## TASK INSTRUCTIONS:
Write the data below out exactly as it stands. Do not include the pictures.

***** DATA SECTION *****

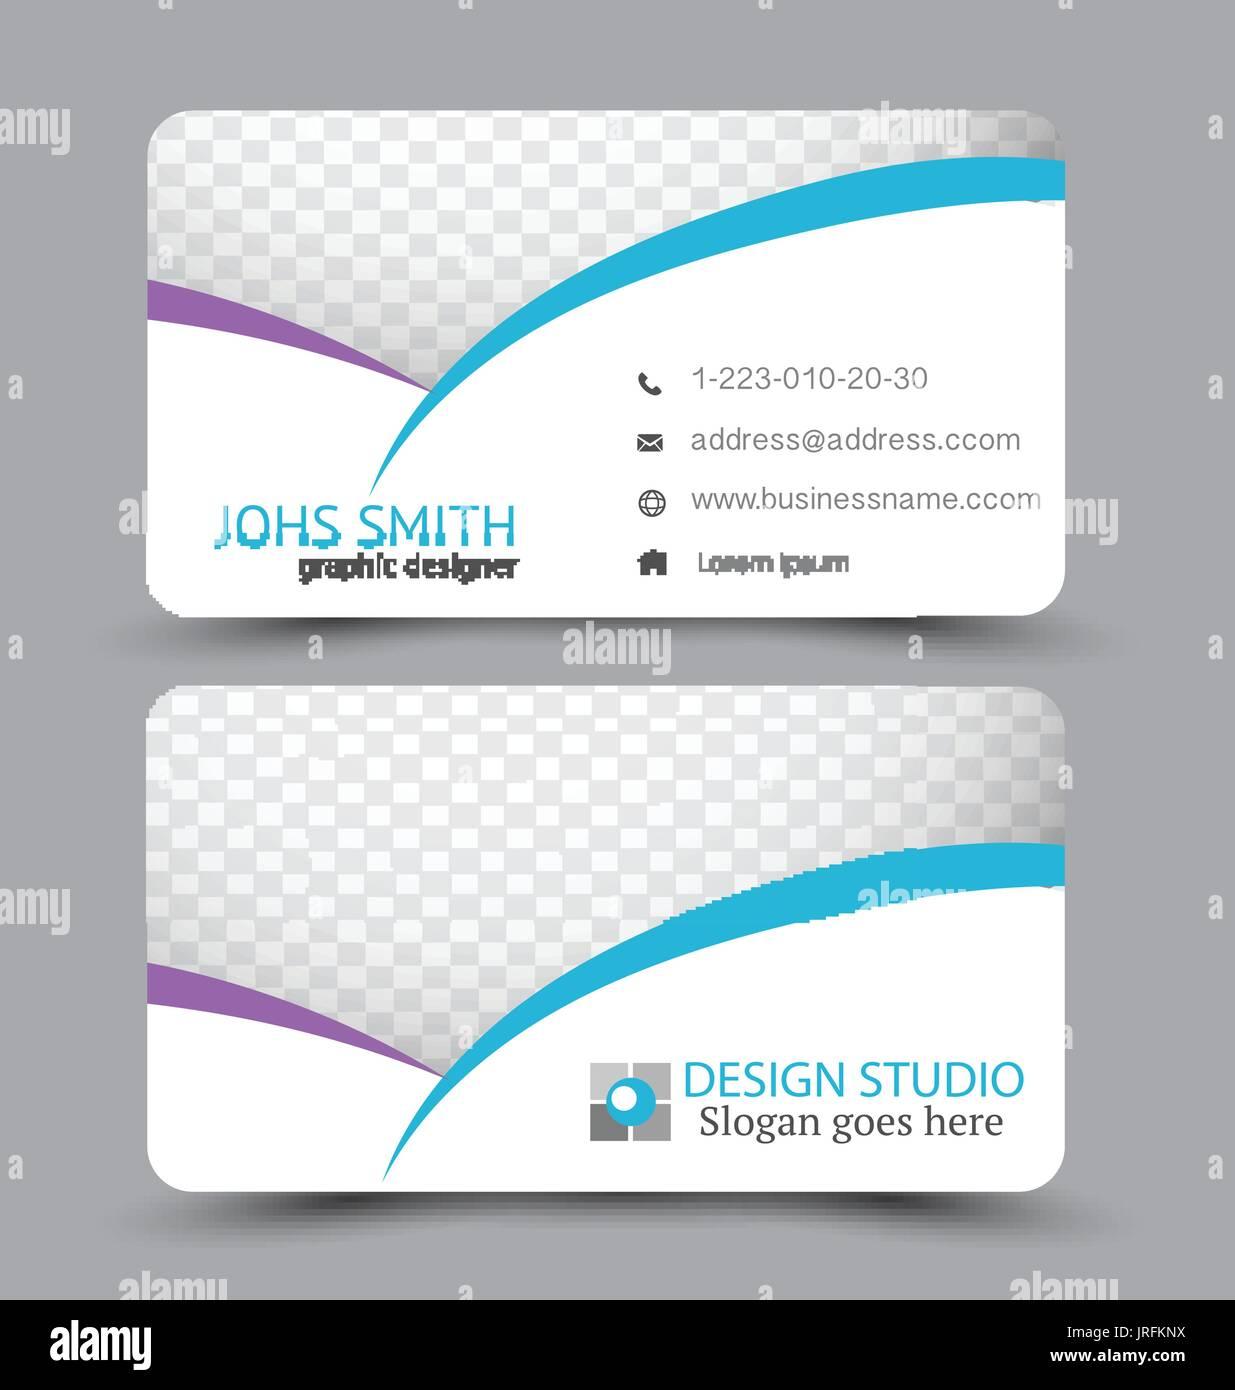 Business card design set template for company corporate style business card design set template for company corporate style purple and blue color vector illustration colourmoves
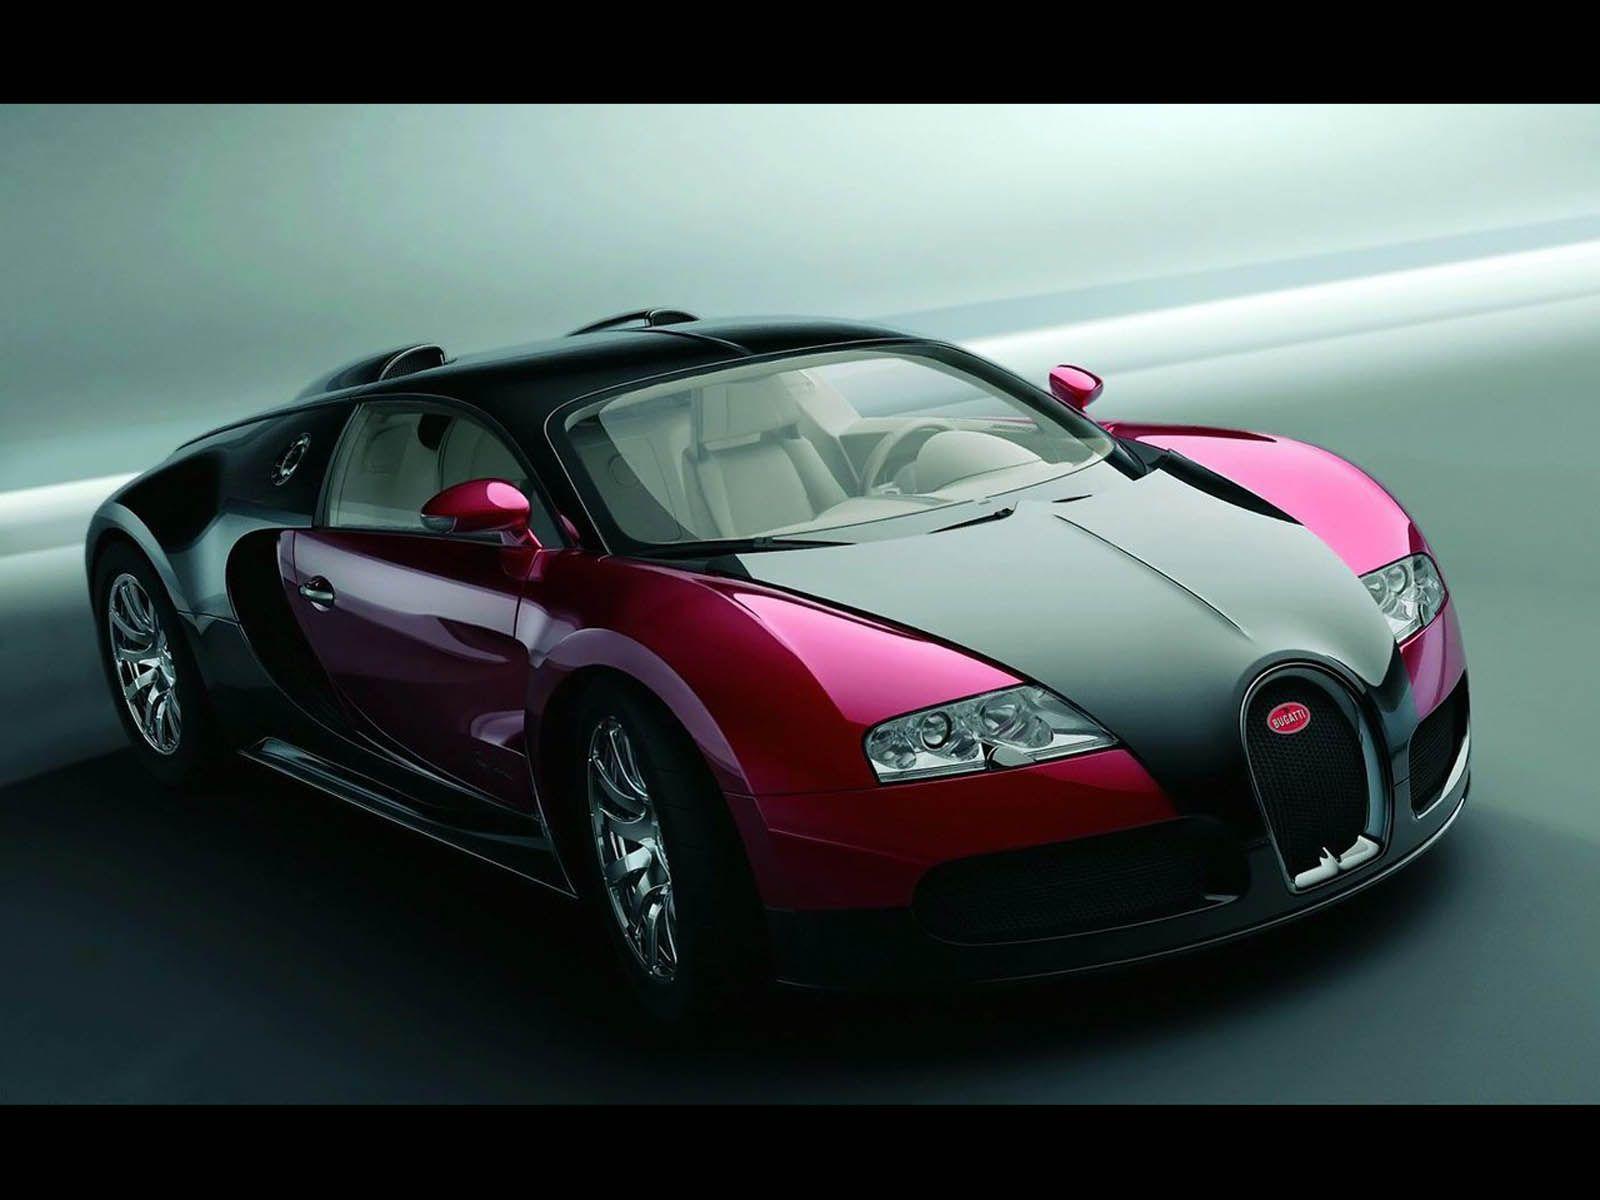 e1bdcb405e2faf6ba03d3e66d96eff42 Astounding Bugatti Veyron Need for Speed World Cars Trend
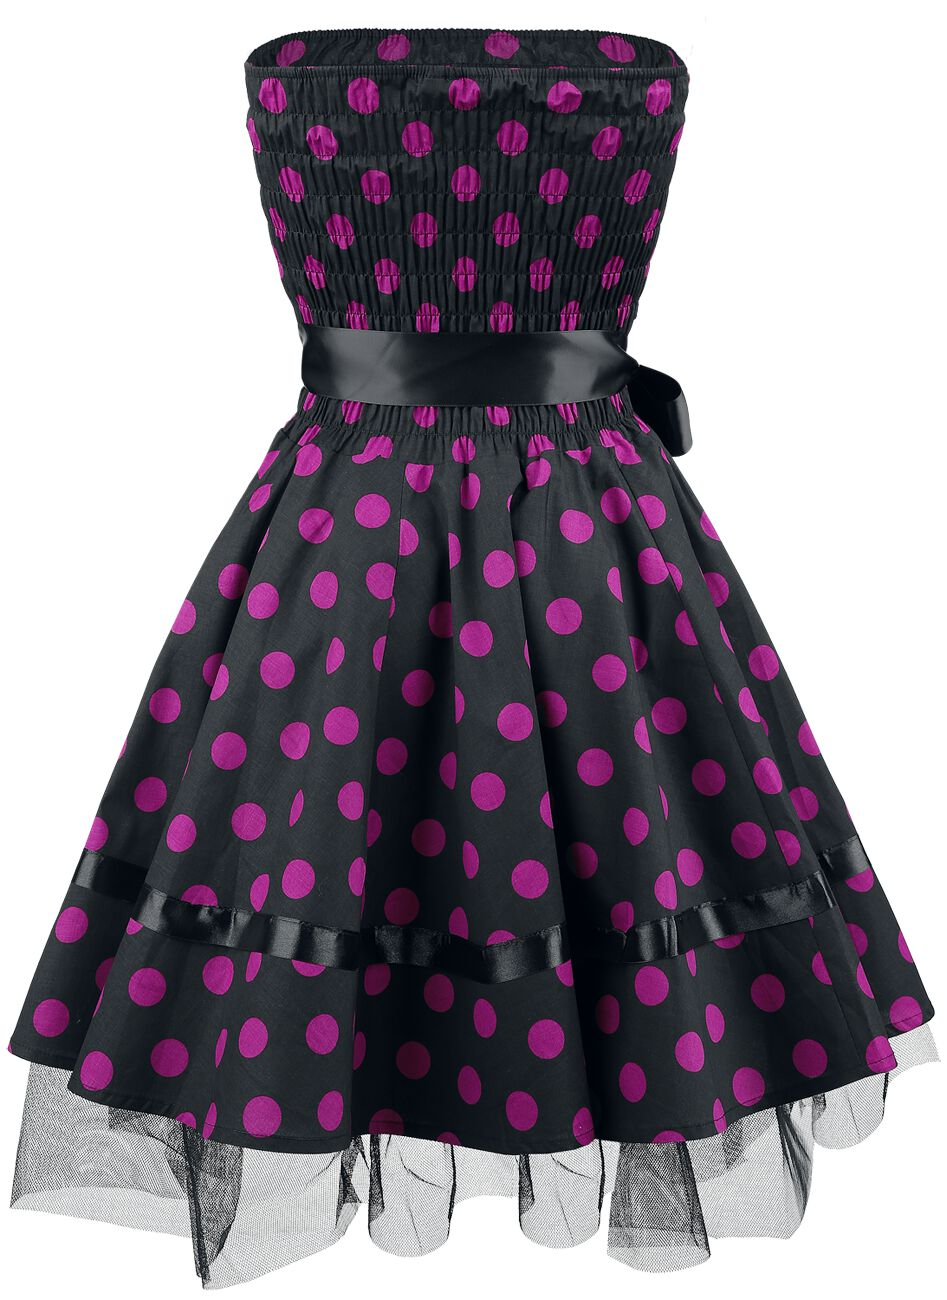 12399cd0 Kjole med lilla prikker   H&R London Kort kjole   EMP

*****

## TASK ANSWER:
 Business card design set template for company corporate style business card design set template for company corporate style purple and blue color vector illustration colourmoves
 e1bdcb405e2faf6ba03d3e66d96eff42 Astounding Bugatti Veyron Need for Speed World Cars Trend
 12399cd0 Kjole med lilla prikker   H&R London Kort kjole   EMP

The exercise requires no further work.